INVESTINGCentral Bank Decisions Shake Up Currencies: Dollar Shines, Zloty Holds Steady

Last week was rich in central bank decisions, not all of which were in line with expectations. Among the major currencies, the dollar shined the brightest, despite not receiving any significant direct support from the Federal Reserve. In the backdrop of a strong dollar, currencies such as the Zloty struggled. Despite its depreciation, the Polish currency performed better than those close to it in the region.

The most significant was probably the announcement of the Bank of Japan, which on Tuesday raised its interest rate for the first time in 17 years – a historic move that ended an eight-year period of negative interest rates. Yet, the yen suffered a sell-off compared to similar currencies, as the bank’s communiqués had a dovish tone. The Swiss National Bank (SNB) took the opposite stance, surprising the markets by cutting interest rates, leading to an immediate depreciation of the Swiss franc. The pound also didn’t perform well, due to further signs of deflation in the UK and the dovish turn of the Bank of England (BoE).

This week should be a little quieter in the markets, but speeches by ECB President Christine Lagarde (Tuesday 26.03), revised data on economic growth in the US and the UK (Thursday 28.03), and the latest PCE inflation reading in the US (Friday 29.03) will undoubtedly be worth noting.


CEE currencies had a tough week, which can be somewhat related to the strength of the dollar. Apart from numerous central bank meetings, economists were also occupied with various data publications. In Poland, we observed a minor improvement in consumer confidence, a strong increase in wages (an impressive 9.8% increase in real terms), and decent retail sales growth (6.1% y/y in real terms). This suggests a revival in consumer spending and robust economic growth in 2024 – it remains a question how much higher earnings will translate into consumption, or into savings.

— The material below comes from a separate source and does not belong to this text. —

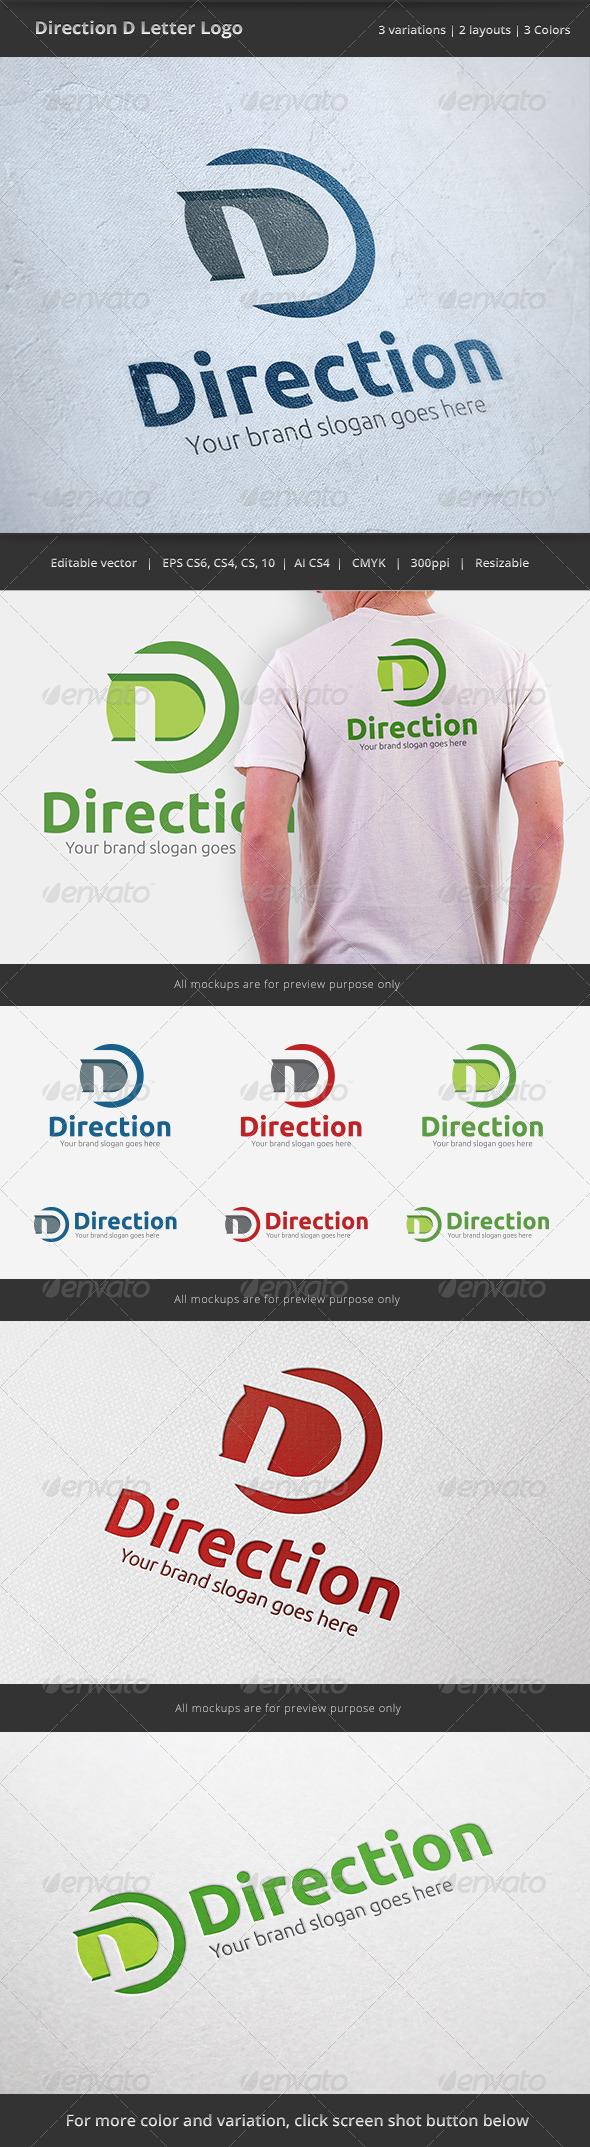 Direction D Letter Logo - Letters Logo Templates

The topic of charging NBP President Adam Glapinski before the State Tribunal returned – according to statements from government representatives, he will be charged in the coming days. So far, this news has not had a significant impact on the currency market, but it remains a risk for the Zloty, even though a significant increase in volatility in this matter seems unlikely.

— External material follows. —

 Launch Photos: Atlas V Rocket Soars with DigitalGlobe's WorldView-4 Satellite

Attention this week will also focus on inflation. We expect that the March reading will show a further decline (Bloomberg’s consensus is 2.3%). There are some concerns about its further path, but there is hope that the inflation rise in Q2 will not be as significant as previously expected. Henceforth, the price war between major retailers and the announcement that some of them will refrain from raising prices despite the return of a 5% VAT on food, should be mentioned.


The past few weeks have seen a return of optimism about the eurozone economy, providing solid support for the common currency. It seems that macroeconomic readings from the bloc have indeed started to move in the right direction. March PMI indicators remained at stagnant levels, but the composite measure was just below the crucial level of 50 points, the highest in nine months. It should also be noted that the services indicator was higher than in February.

A good indicator of this improvement is the Citigroup Economic Surprise Index for the eurozone, which is not only positive for the first time since May but is also higher than its counterparts for the US and the UK. No significant readings will be published from the common bloc this week, but investors will be attentively listening to speeches by ECB President Christine Lagarde and Chief Economist Philip Lane.


The Federal Reserve’s March statement weakened the dollar initially. The FOMC emphasized that it needs more evidence of sustained inflation decline before deciding on interest rate cuts, unexpectedly maintained its stance about three cuts this year, while markets were preparing for only two downward moves in 2024 as indicated by a change in the dot plot’s median.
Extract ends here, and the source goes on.